Congress has turned its attention to the punishment of criminals, and action is on the way. The crime bill passed by the Senate late last year includes mandatory minimum sentences, a provision dictating life imprisonment without parole for three-time losers, and dozens of new death-penalty offenses.

But don't expect this permissive mood to last. Thanks to the recent publicity on how the government of Singapore deals with misbehavior, it's only a matter of time before some member of Congress with a finger on the public pulse rises to demand that flogging be introduced into our penal system.

When President Bill Clinton protested the six-lash sentence given by a Singapore court to an American teen-ager for vandalism, he couldn't be accused of pandering to his constituents. Polls show that most Americans side with the authorities in Singapore, though as yet there is no groundswell of support for the Iranian practice of beheading adulterers.

The usual assumption is that Singapore is safe and America is dangerous because the former employs corporal punishment and the latter doesn't. Singapore's custom of hanging drug dealers is also given credit for the scarcity of illicit substances there.

The willingness to learn from other countries with less crime than we have, however, doesn't extend to Western Europe, which is a model of peace and order despite being comparatively soft on crime. Why, those countries have even abolished capital punishment.

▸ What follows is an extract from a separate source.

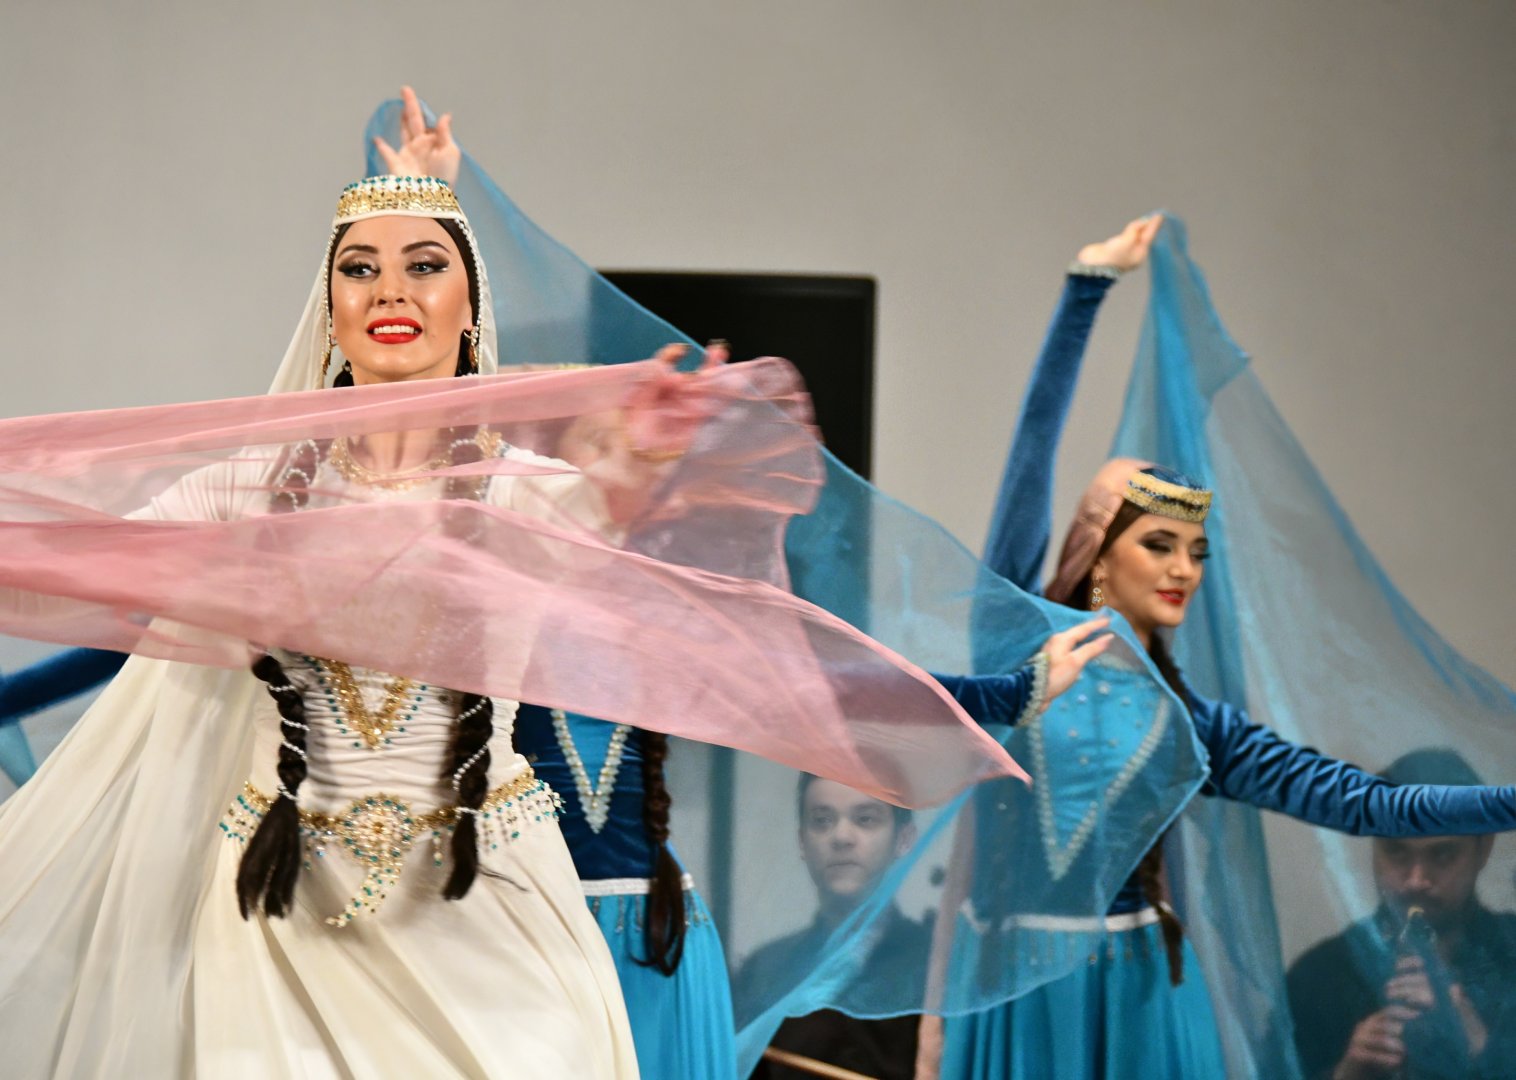 Прекрасная музыка и грациозные движения - Азербайджанский государственный ансамбль танца выступил с концертом (ФОТО/ВИДЕО)

Singapore's rejection of American ways goes beyond stern treatment of rowdy vandals. It has greatly simplified the job of law enforcement by making just about everything illegal. There are stiff penalties for littering, spitting and failing to flush public toilets. Anyone caught chewing gum can expect to pay a fine equivalent to $316. Journalists can go to prison for publishing leaked information about economic indicators.

Singapore has achieved its tranquility by operating a police state. Caning is the least of the government's techniques for controlling its people. One party has monopolized power since the country gained its independence in 1965, relying on such methods as rigging elections, jailing opponents, censoring the press, owning the broadcast media and banning all public meetings of more than six people without a police permit. …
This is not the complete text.